*** Begin section ***

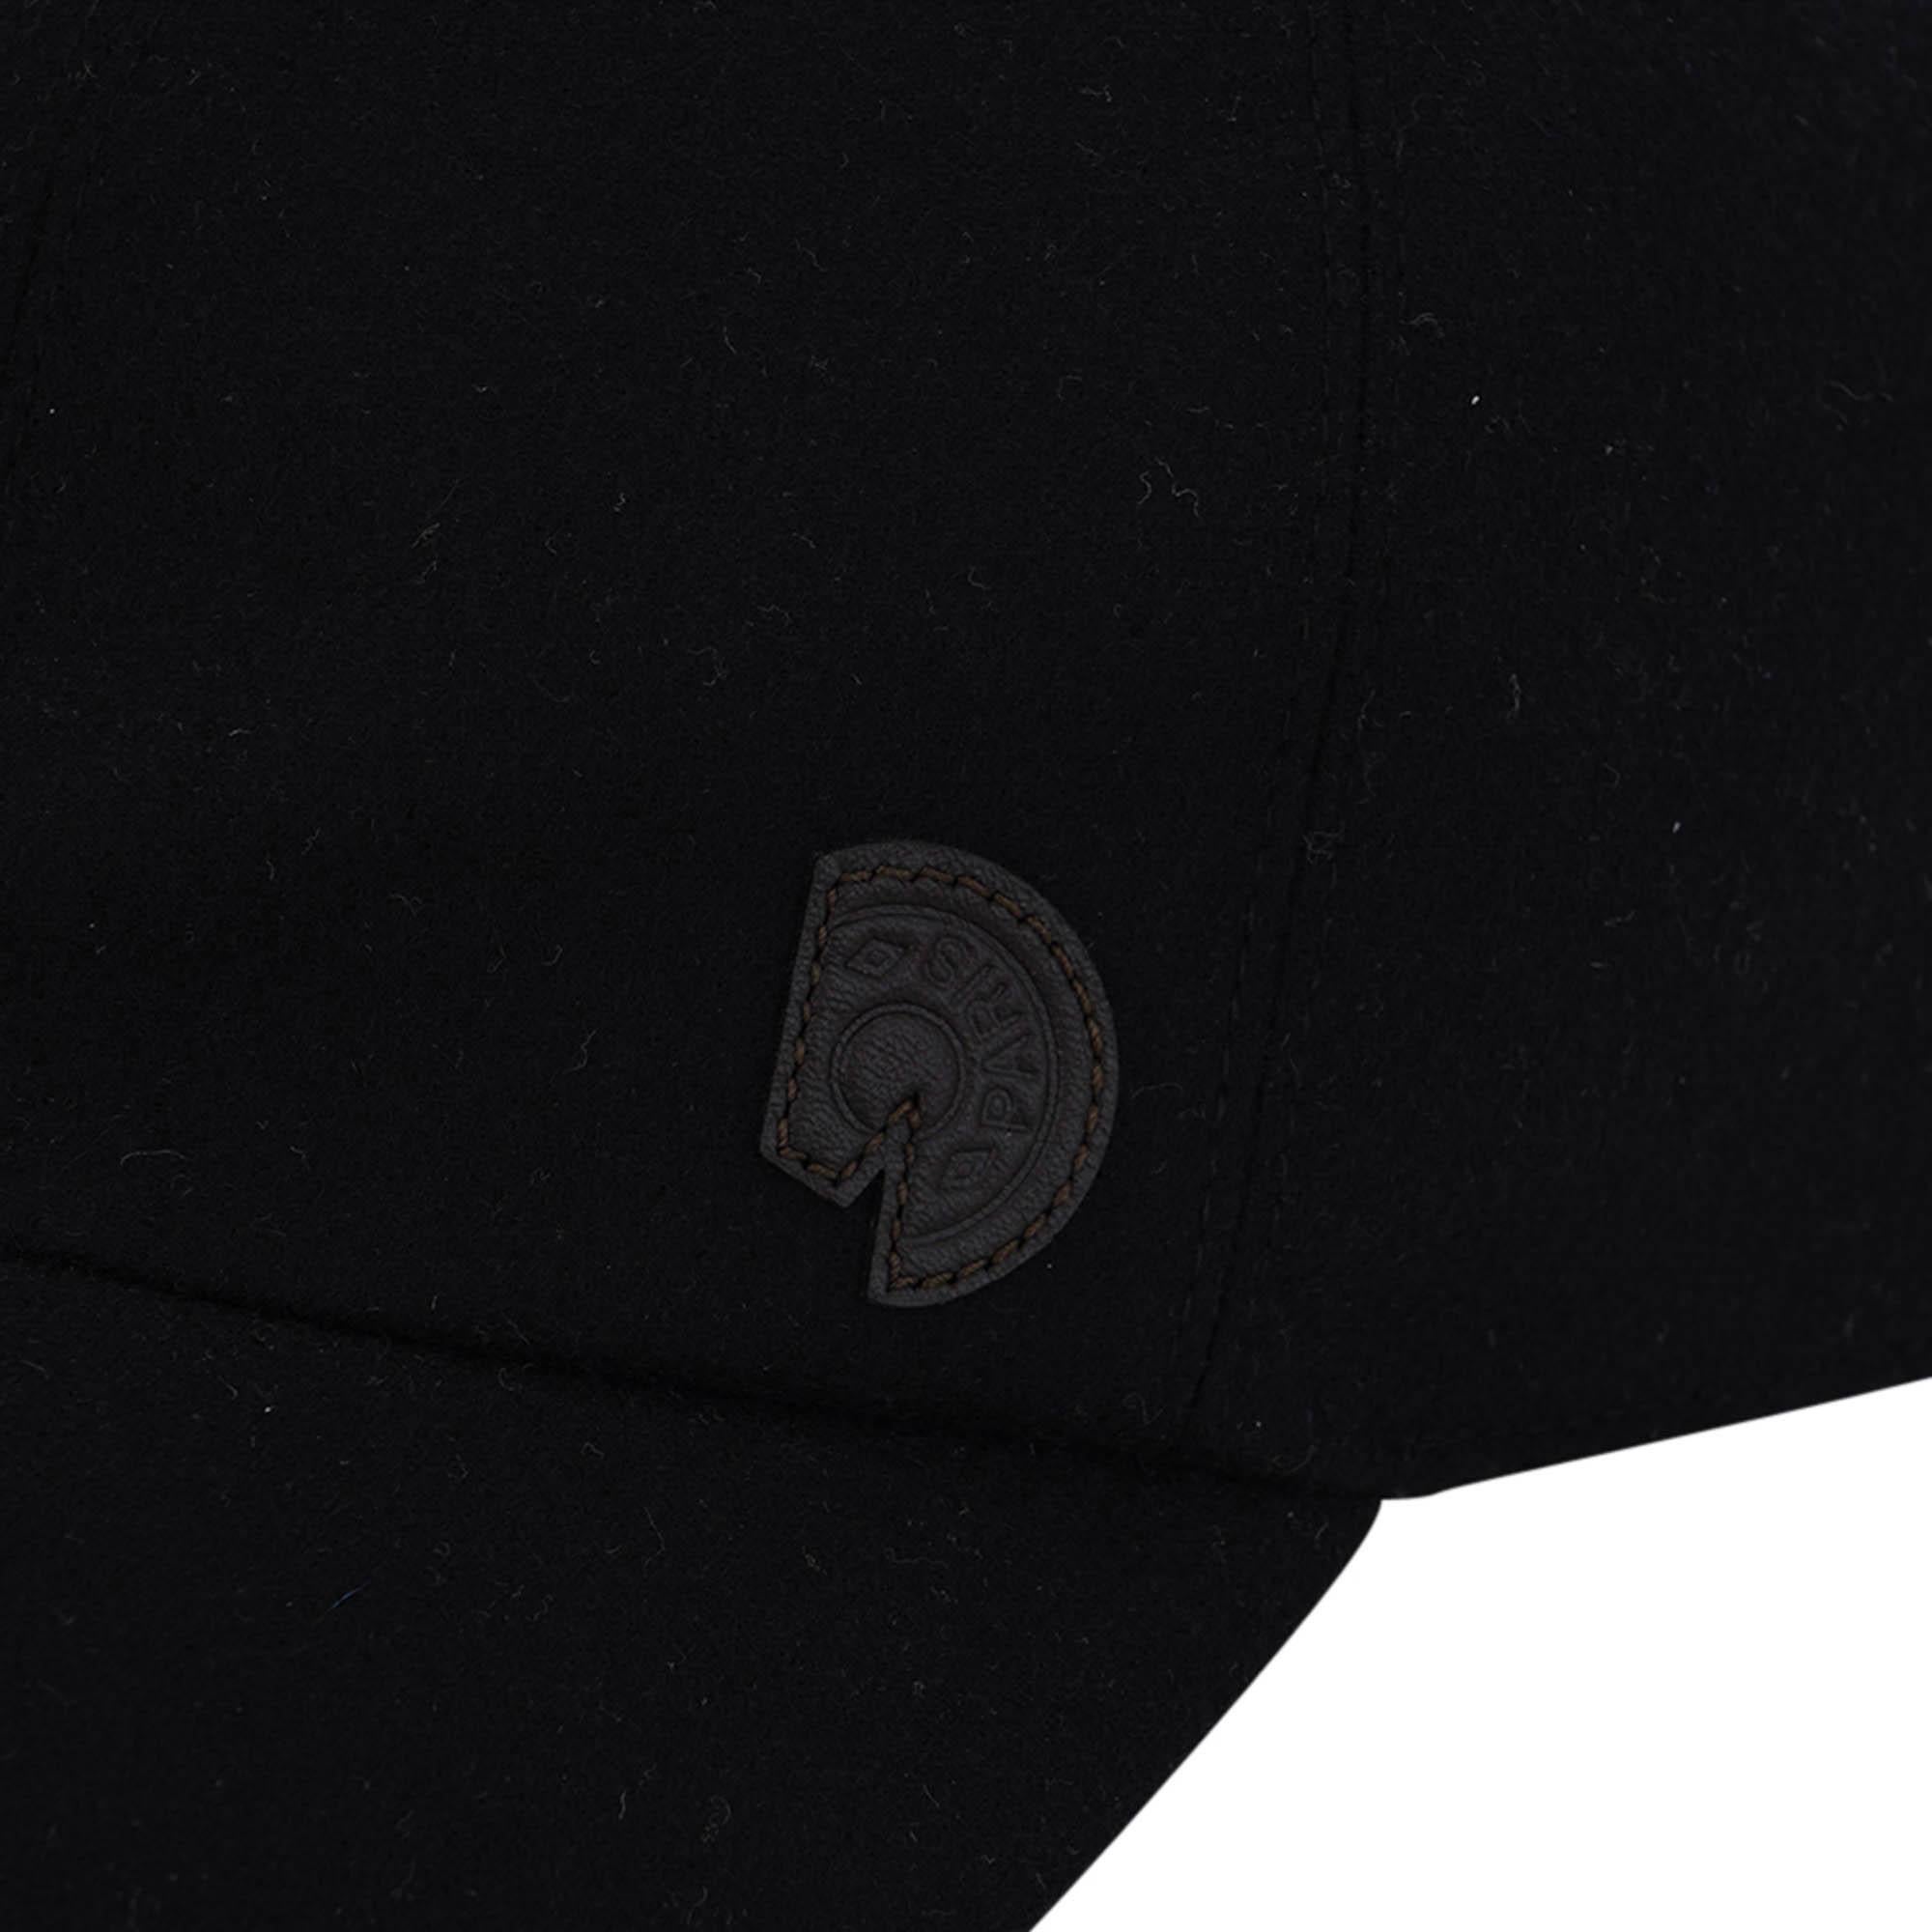 Mightychic offers an Hermes Riley Clou Carrousel Cap featured in Black.
Swift calfskin Clou Carrousel on side.
Cap is wool flannel.
Interior woven badge Cheval de Fete by Jan Bajtlik.
Adjustment tab with two Palladium plated Clou de Selle

*** End section ***

| EXERCISE OBJECTIVE |
Exactly as written, copy the lines from the one containing "Interior woven badge" to the end of the entries, both ends included.

| EXERCISE RESPONSE |
Interior woven badge Cheval de Fete by Jan Bajtlik.
Adjustment tab with two Palladium plated Clou de Selle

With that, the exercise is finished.